Code Lists Guide

Building diagnostic code lists and medication patterns for UK Biobank extraction

Published

June 2, 2026

This page covers the two types of input files the extraction scripts need: a diagnostic code list CSV and medication regex patterns. It explains the required format, how to create them, where to find validated code lists, and how to pass them to the scripts.


Part 1: Diagnostic code lists

You can either create your own CSV code list or load one from an existing validated repository. The sections below first cover the required format and columns, then explain where to save your file, and finally show how to load directly from Prigge et al. without downloading anything manually.


What is a diagnostic code list?

UK Biobank GP records use two coding systems: Read version 2 and CTV3 (Clinical Terms Version 3). Hospital records use ICD-10 and, for records before ~1995, ICD-9. A code list is simply a table that tells the extraction script which codes correspond to the condition you want to find.

The script extract_diagnoses.R reads your code list and passes it to ukbrapR::get_diagnoses(), which searches the UKB database for matching records.


The code list schema

Your CSV must contain at least the three required columns. The remaining four columns are useful but will not cause errors if absent.

Column Required? Example value What it controls
code Required G20 The diagnostic code to search for. Format depends on vocabulary — see the code format table below. Must be uppercase, no trailing whitespace.
condition Required parkinson A short label grouping codes for the same condition. Used to tag extracted events. All codes for one condition should share the same label.
vocab_id Required Read2 Which coding system the code belongs to. Must be one of: Read2, CTV3, ICD10, ICD9.
Description Nice to have Parkinson's disease Human-readable description. Useful for review; not used by the script.
Sub-condition Nice to have parkinson_confirmed A finer-grained label within a condition (e.g. to separate definite from possible cases). Not used by the script.
Diagnosis Nice to have Parkinson's disease Longer clinical name. Not used by the script.
source Nice to have ClinicalCodes.org Where the code came from. Useful for audit.
Importantvocab_id must match exactly

The vocab_id values must be spelled exactly as shown. A common mistake is using “ICD-10” (with a hyphen) from a published code list. The script corrects “ICD-10” to “ICD10” and “ICD-9” to “ICD9” automatically, but “icd10” (lowercase) or “ICD 10” (with a space) will cause silent failures where no records are returned.

The script prints the vocabularies it found in your list before querying — check that message to confirm they were recognised.


Code format by vocabulary

Each coding system has a fixed format.

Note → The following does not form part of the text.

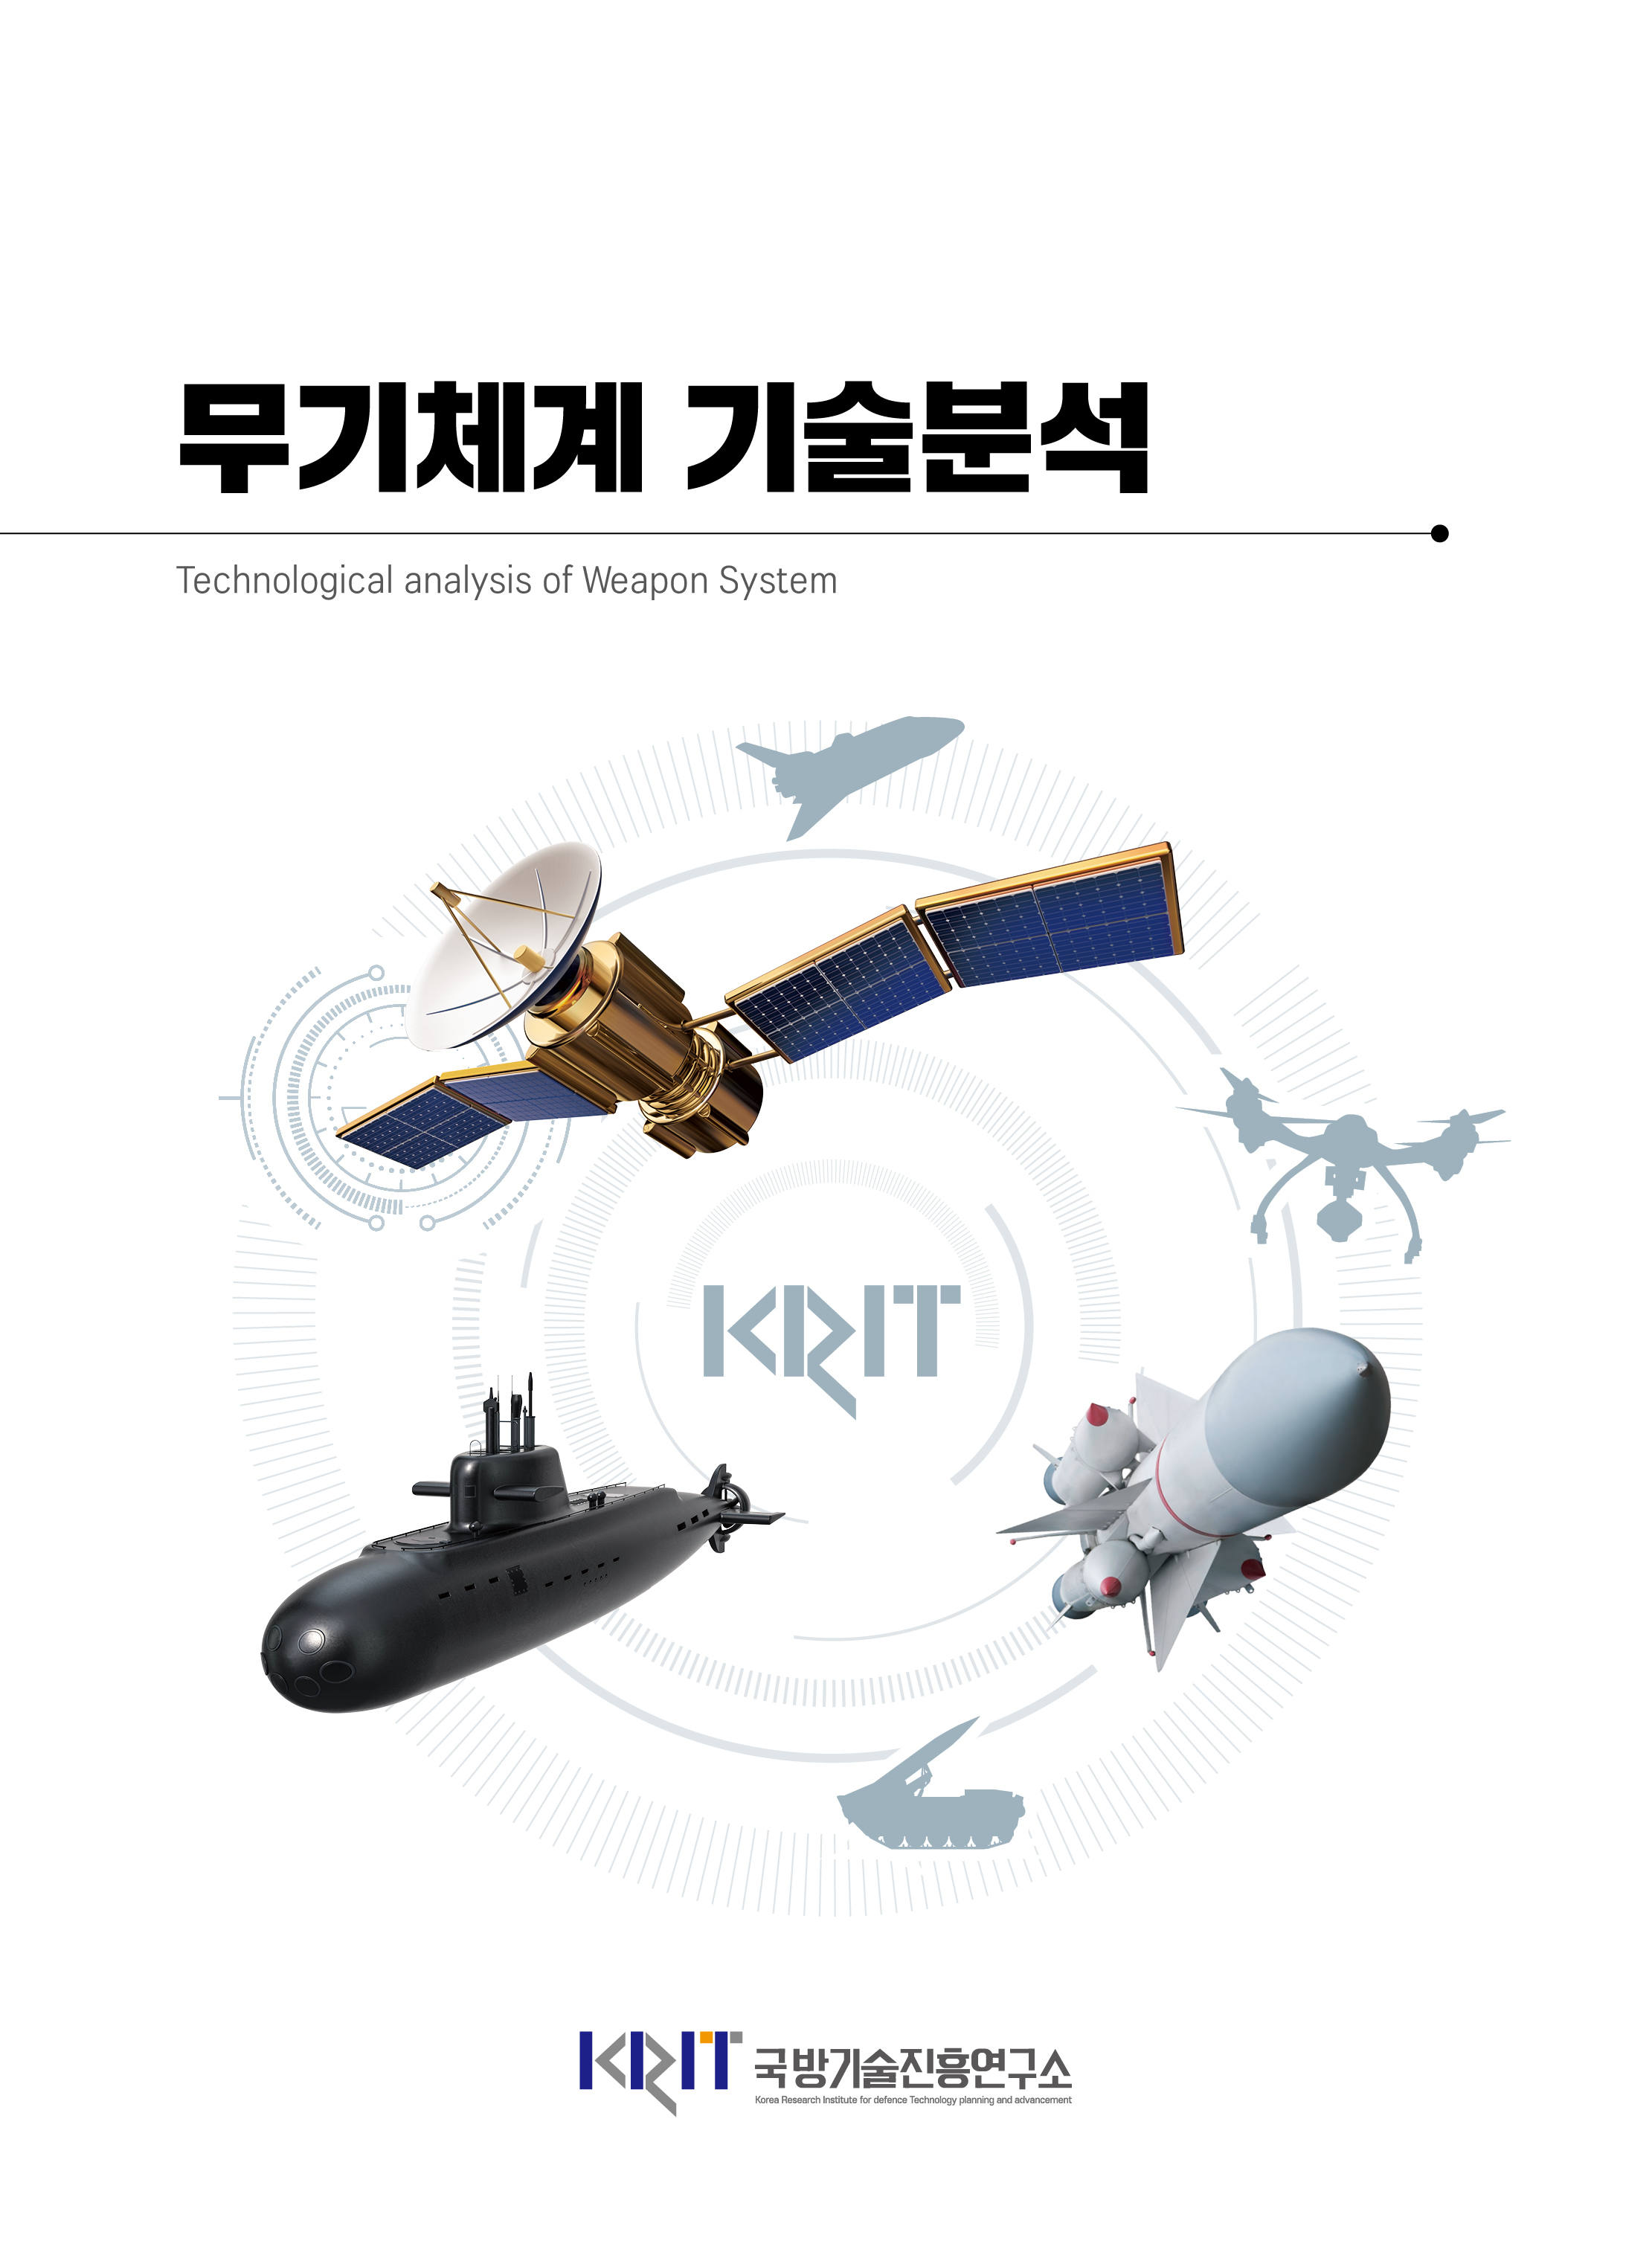 무기체계 기술분석 (8월) 1. 화생방정찰로봇의 국내외 연구개발 동향

Using the wrong format is a common source of silent failures where no records are returned.

NoteBackground: Read v2 and CTV3

Read v2 was developed by Dr. James Read, a UK general practitioner, in 1982 and became the NHS standard coding system for GP records in England and Wales in the early 1990s. It remained the dominant system in practices using INPS Vision software until the mid-2010s.

CTV3 (Clinical Terms Version 3, also called Read Codes v3) was developed in the late 1990s as part of an NHS initiative to align GP coding with SNOMED CT. It was adopted from around 2000 onwards, primarily in practices using EMIS software.

Both systems appear in UK Biobank GP records because different practices used different software. UKB GP data spans roughly 1985–2016 — a period when both coding schemes were in active use. A participant’s GP records may contain Read v2 codes, CTV3 codes, or a mix of both depending on which system their practice used and when. This is why code lists must include both vocabularies to capture all relevant events.

CTV3 was itself superseded by SNOMED CT in NHS primary care systems from 2018 onwards, but this falls after the main UKB data collection window.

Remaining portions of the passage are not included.